In the 1980s, the BJP increased its religious support base by championing the cause of constructing a temple at the site of the Babri Masjid in Ayodhya. On December 6, 1992 RSS volunteers demolished the mosque. By the mid-1990s the BJP emerged as the ruling party in several States and the likely alternative to the Congress at the national level. As elections threw up a hung parliament, making it difficult to form a stable government, parties which did not want to be seen in its company until then started softening their stand. In 1996 the BJP was able to put together a coalition government at the Centre with A. B. Vajpayee as the Prime Minister. It, however, lasted only 13 days. In 1998 Vajpayee became the Prime Minister a second time. This time the government lasted 13 months. In the elections of 1999, the BJP-led National Democratic Alliance secured a comfortable majority and Vajpayee became the Prime Minister once again. This time the government served a full five-year term. Vajpayee’s affable personality, which earned the party friends across the political spectrum, played a part in the BJP’s ability to form and hold together a coalition of two dozen parties.

E. V. RAMASWAMI
In the south, the BJP was able to find allies like Telugu Desam and the All India Anna Dravida Munnetra Kazhagam. It could also develop pockets of influence in Karnataka and Andhra Pradesh. However, it could not make headway in Tamil Nadu and Kerala. Clearly the Hindutva image posed a major problem for it in these States because of the lingering impact of the anti-caste movements of Periyar E. V. Ramaswami and Sree Narayana Guru.

NARAYANA GURU

In the 2004 elections, the BJP emerged as the largest party in the Karnataka Assembly with 79 of the 224 seats. The Congress came next with 65, followed by the Janata Dal (S) with 58. The Congress and the JD (S) came together with a view to keeping the BJP out of power. Dharam Singh of the Congress became the Chief Minister and Siddaramaiah of the JD (S) the Deputy Chief Minister. Early last year JD (S) President and former Prime Minister H. D. Deve Gowda’s son, H. D. Kumaraswamy, struck a deal with the BJP to share power for the remaining term of the Assembly. Kumaraswamy was to be the Chief Minister for 20 months and Yeddyurappa for the next 20 months. When the time for handover came, Kumaraswamy reneged, hoping the Congress would help him to stay on so as to keep the BJP out. However, the party found it necessary to honour the commitment to the BJP in order to avert a split in its ranks.

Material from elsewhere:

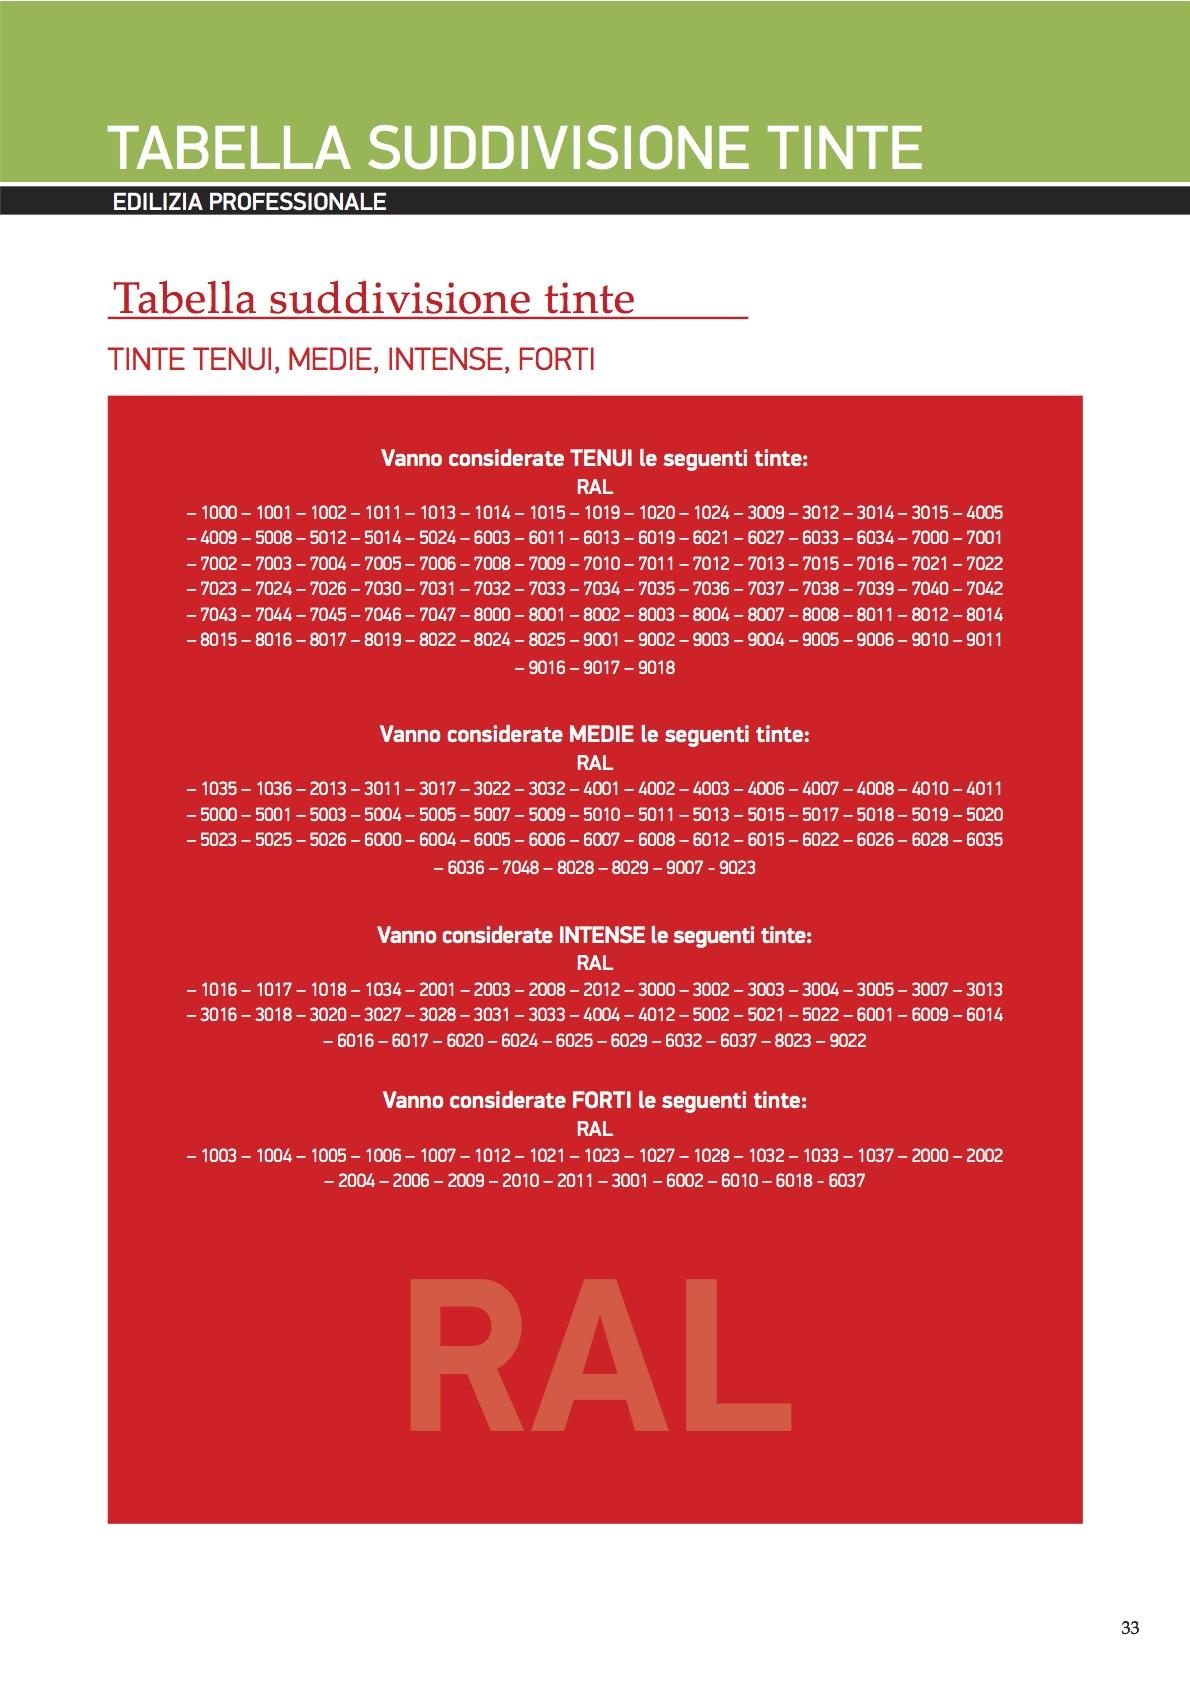 tabella-suddivisione-colori-ral

Will the BJP be able to get rid of the other blot on its credentials as a national party, namely its pandering to communalism? It is not the first or only party to have played the communal card to gain support. However, democratic decency demands that a party in power must rise above such narrow loyalties. M. A. Jinnah, after achieving the goal of Pakistan, had called for a secular democratic polity. Of course, the effort came too late and failed. The BJP leaders do not have the courage even to try.

B.S.YEDDYURAPPA

Until recently the Karnataka BJP leader used to write his name as Yediyurappa. The chief ministership, which he almost lost, comes to him after he changed the spelling to Yeddyurappa last month, reportedly on astrological advice. J. Jayalalithaa had added the last 'a' to her name under similar circumstances. How come an Indian politician’s fate depends upon how he writes his name in English?

1 comment:

K Govindan Kutty said...

someone entered my name in my school certificate as "govinda." for some obscure reason, it turned into "govindan" over time. and, that should have been the cause of all bad(?) things that happened to me. so, taking a cue from yeddyurappa, i should go back to my old name, and hope to go dancing around in gay abandon in these days of, what i am tempted to call, onomastic revivalism.